◆ INFORMATION GIVEN
------------
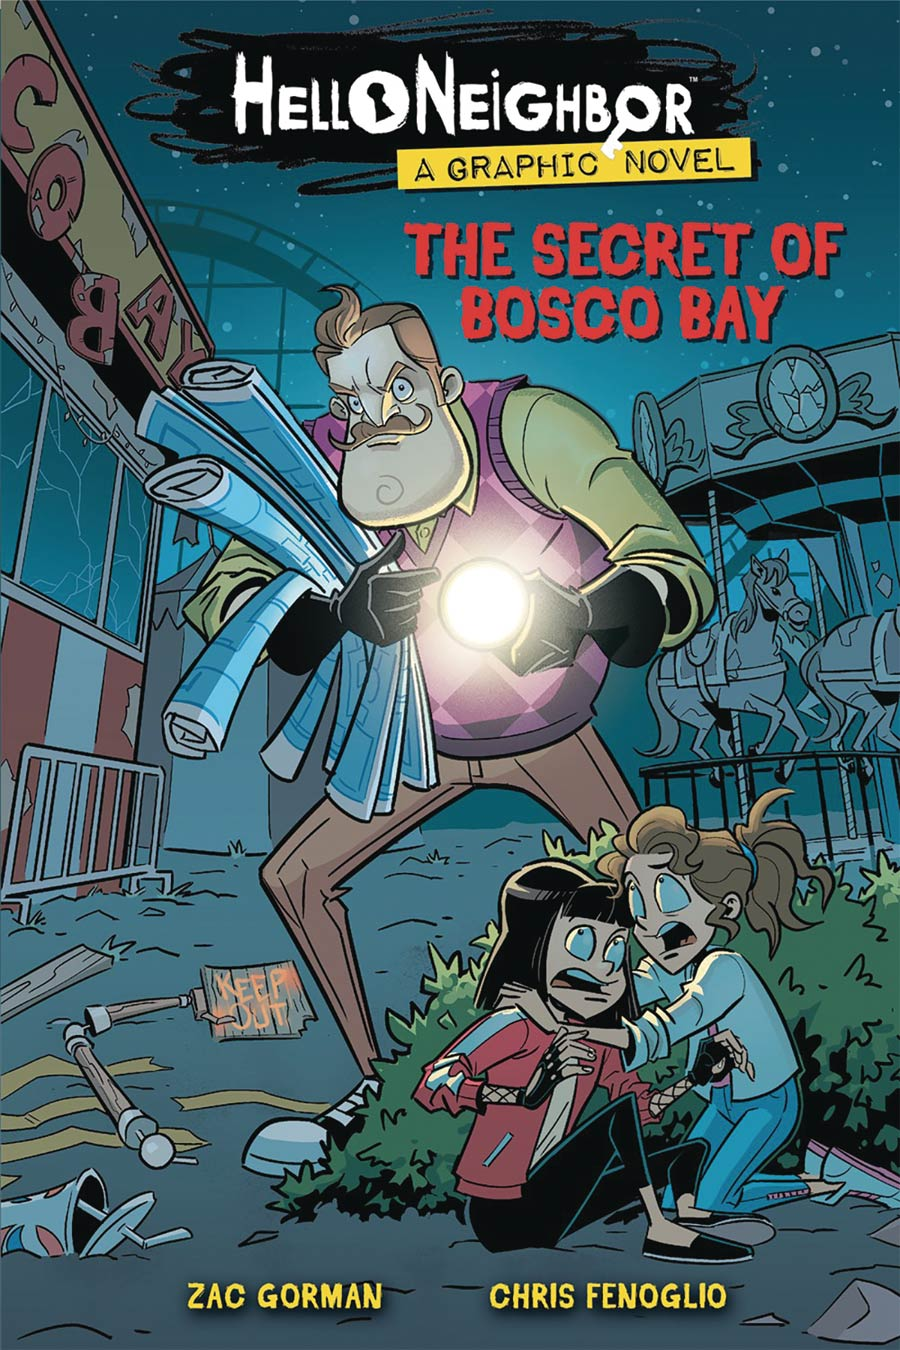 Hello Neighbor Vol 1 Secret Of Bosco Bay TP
------------
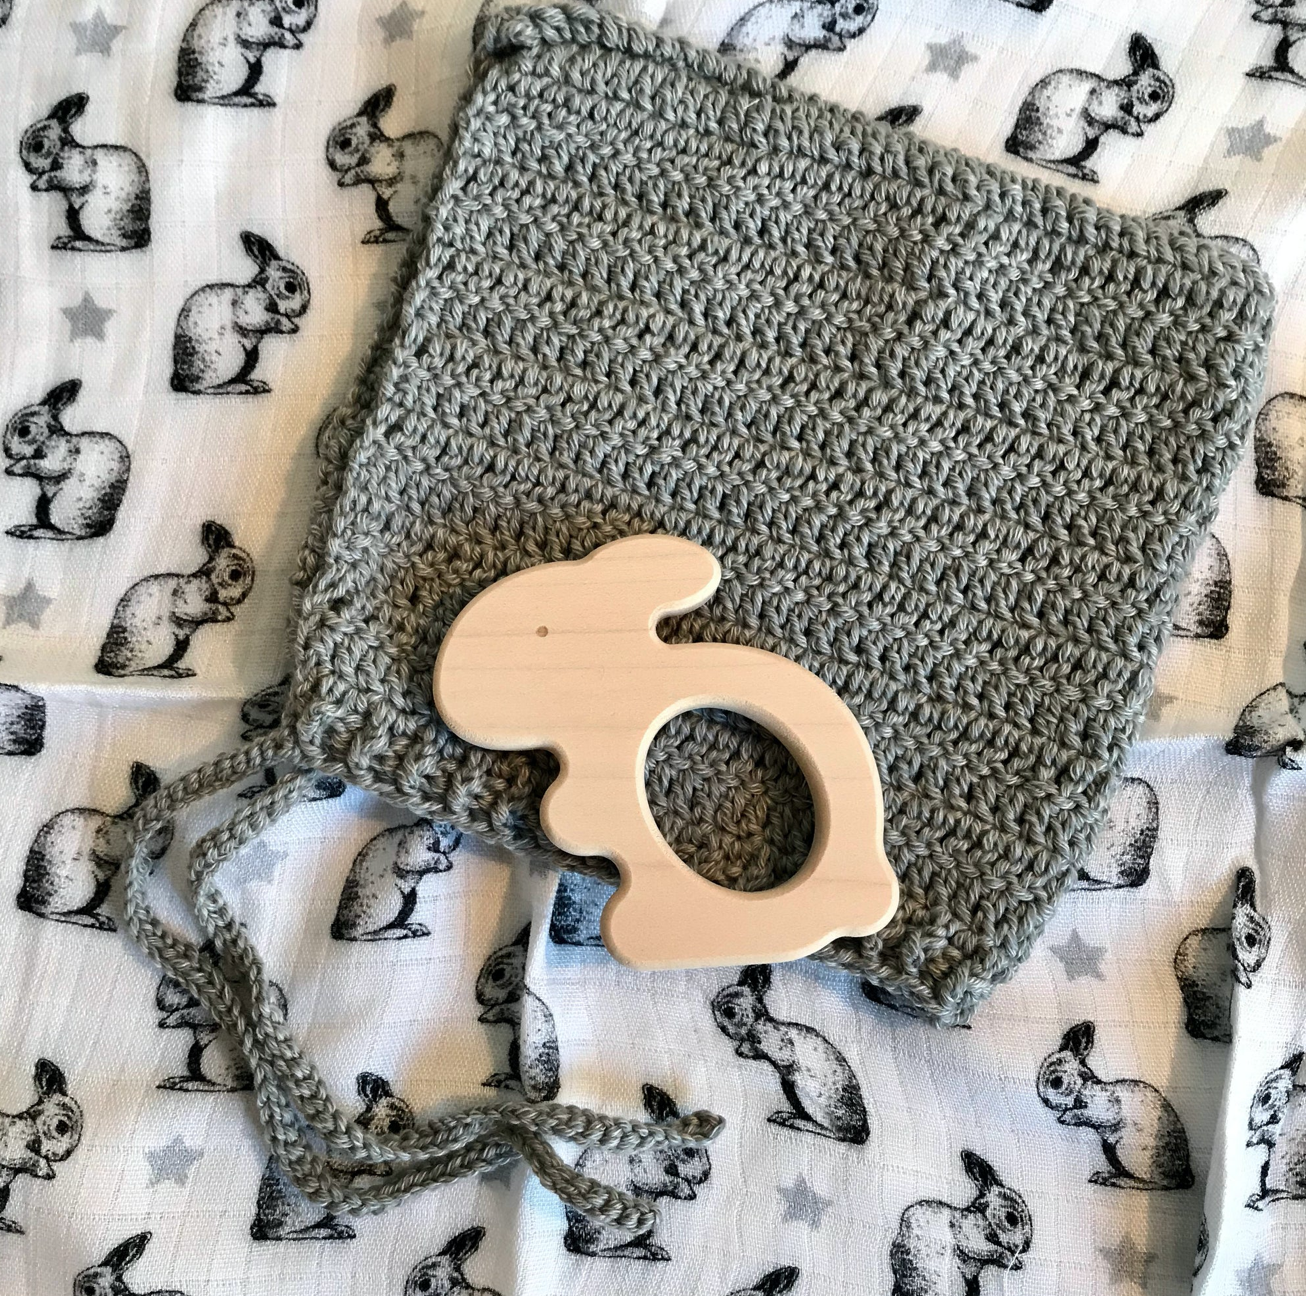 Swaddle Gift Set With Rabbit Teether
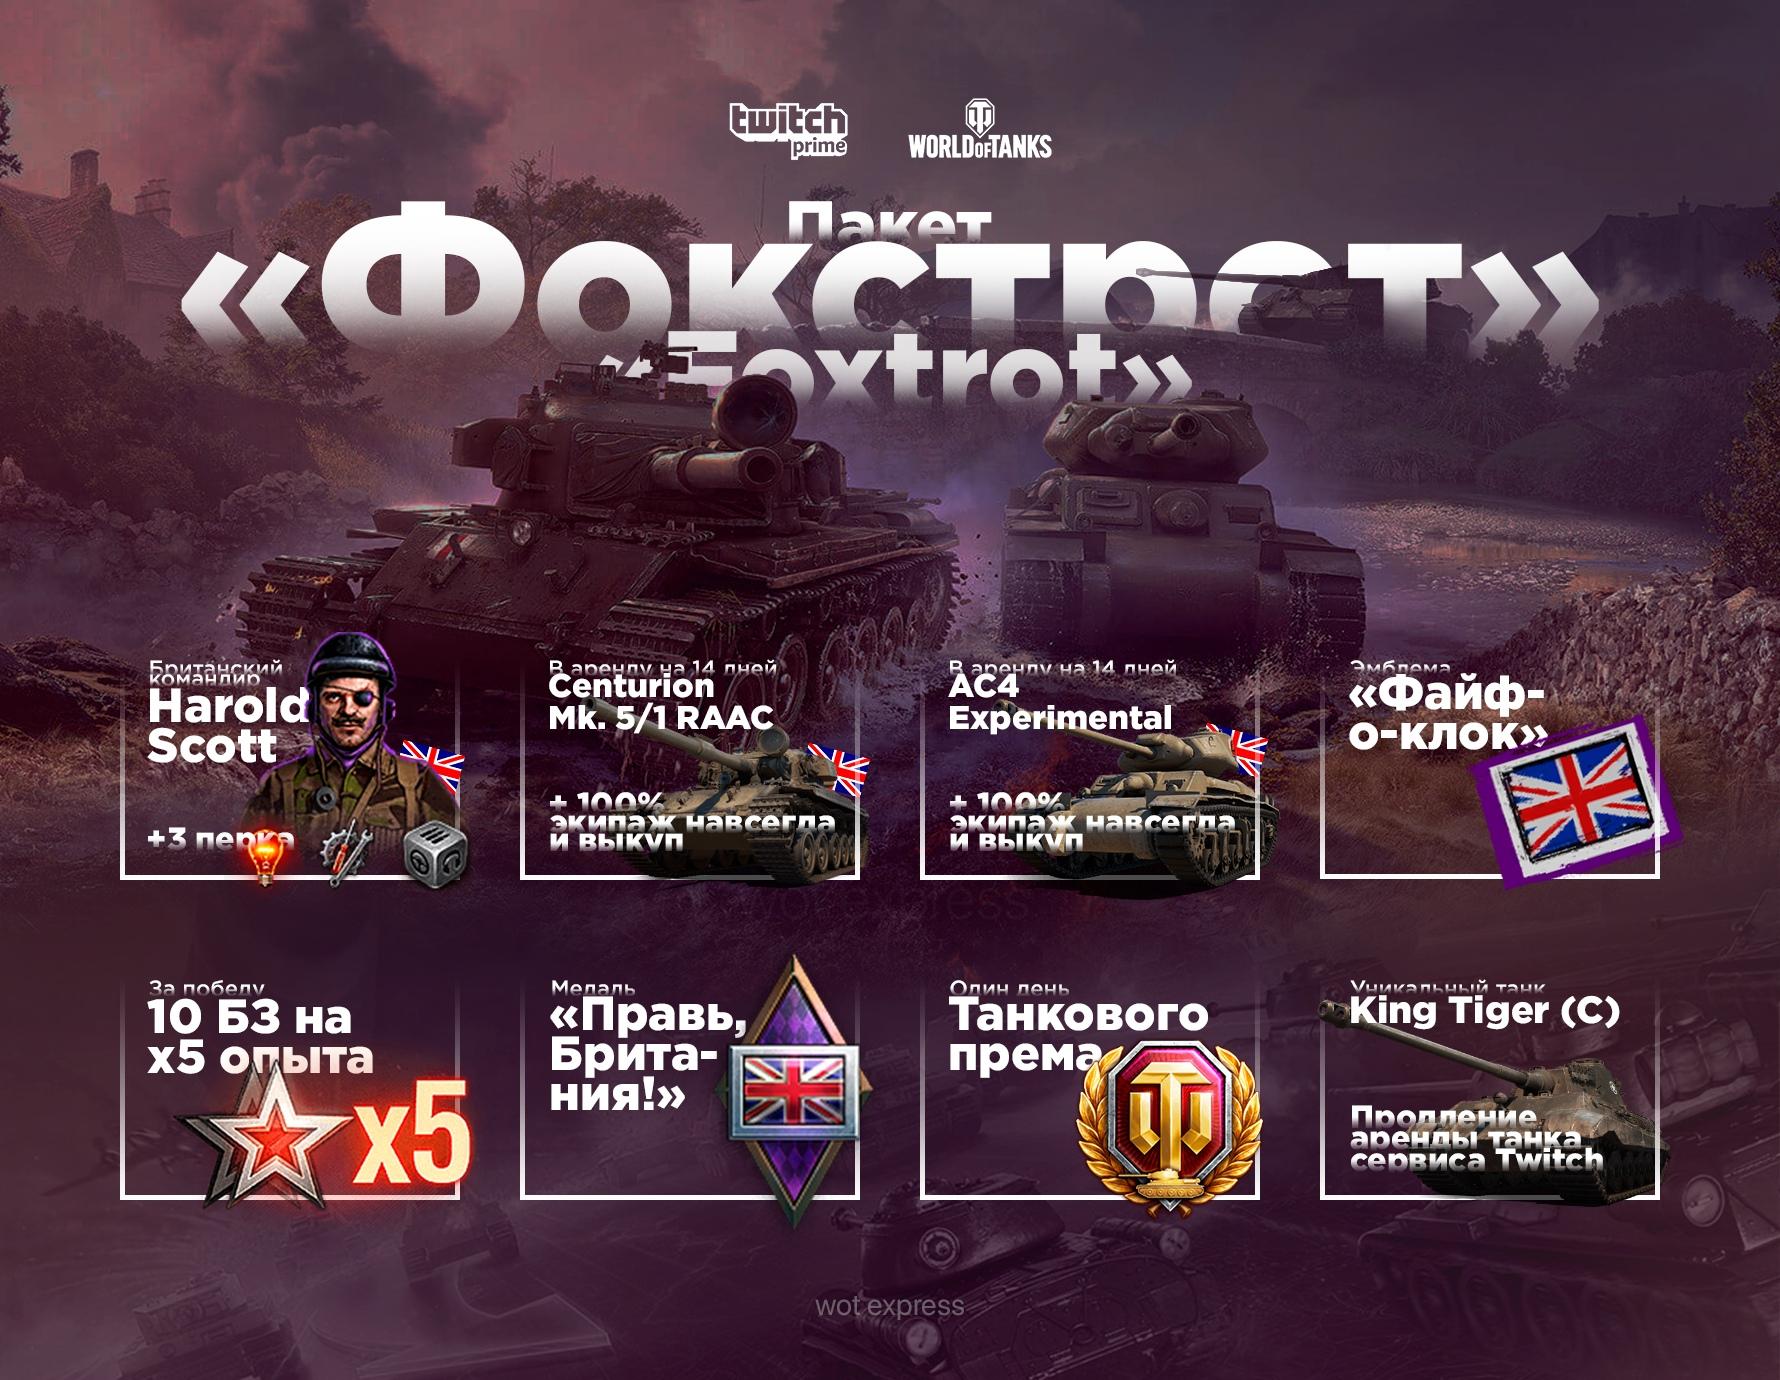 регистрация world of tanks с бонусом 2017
------------
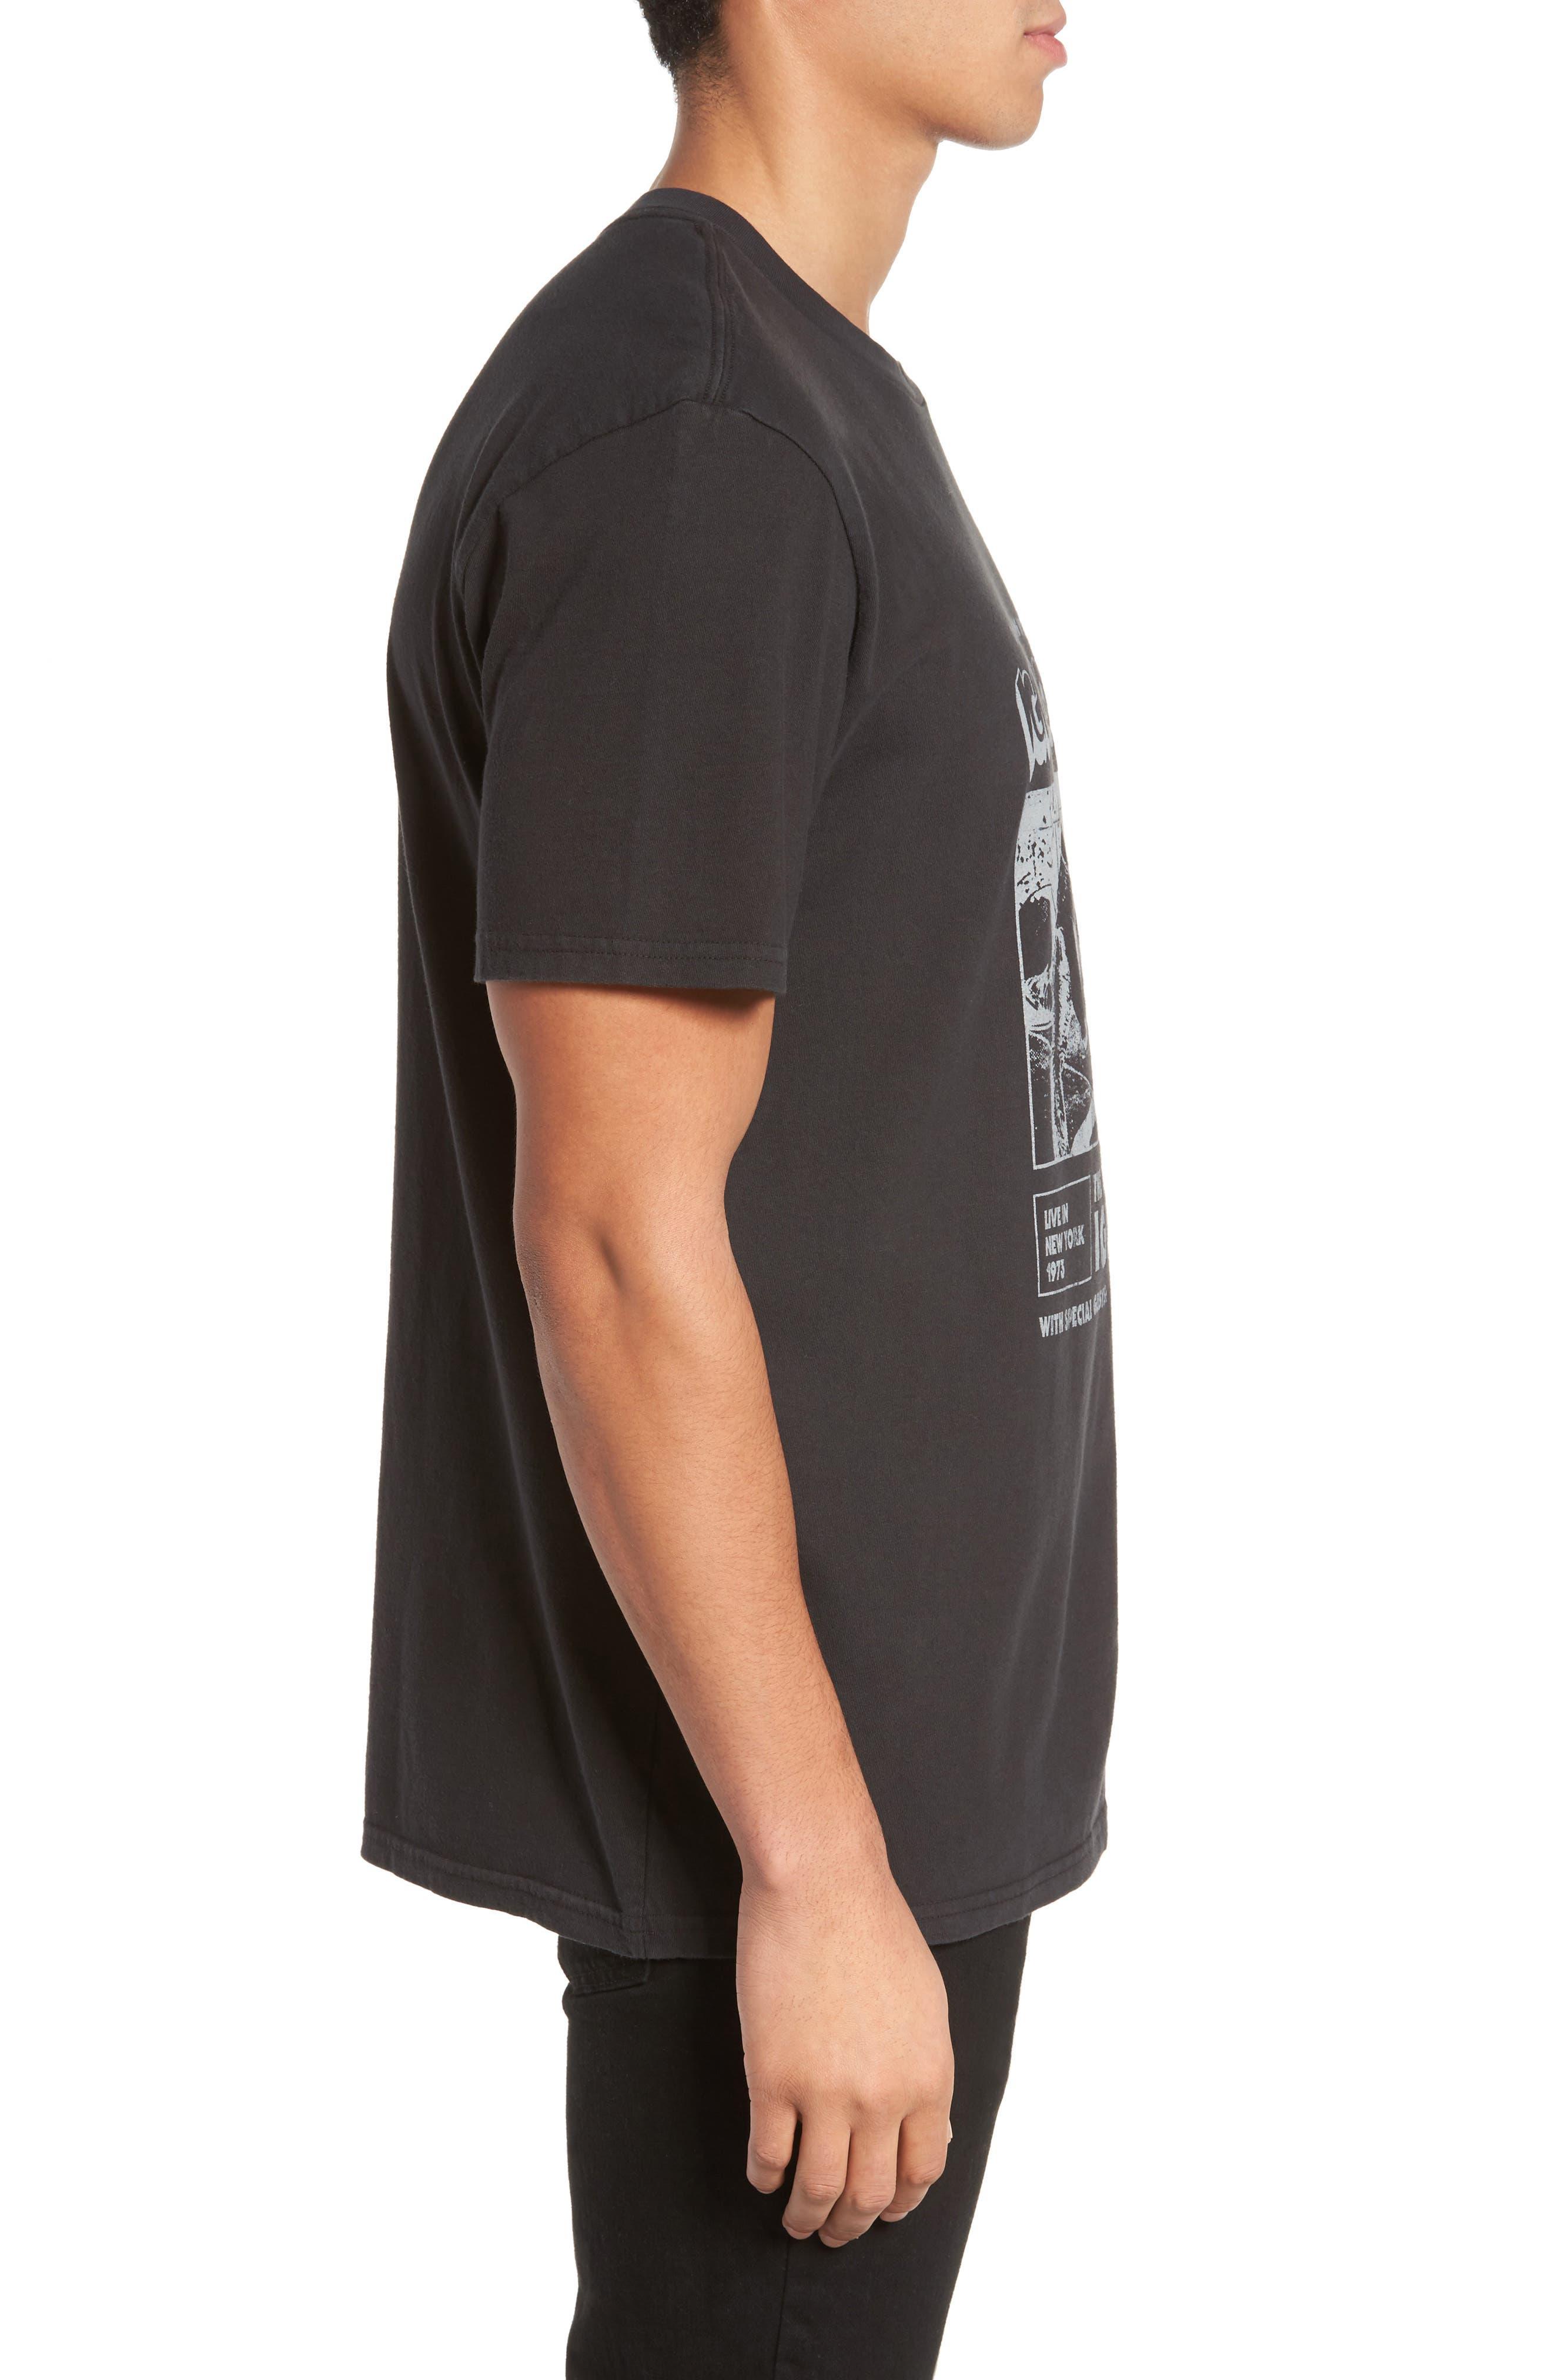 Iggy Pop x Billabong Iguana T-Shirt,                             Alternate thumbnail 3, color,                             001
------------
◆ PROBLEM TO SOLVE
Text only, no pictures: please print exactly the lines above from the line with "Swaddle Gift Set With Rabbit Teether" up to and including the line with "регистрация world of tanks с бонусом 2017", and nothing else.

◆ RESPONSE
 Swaddle Gift Set With Rabbit Teether
 регистрация world of tanks с бонусом 2017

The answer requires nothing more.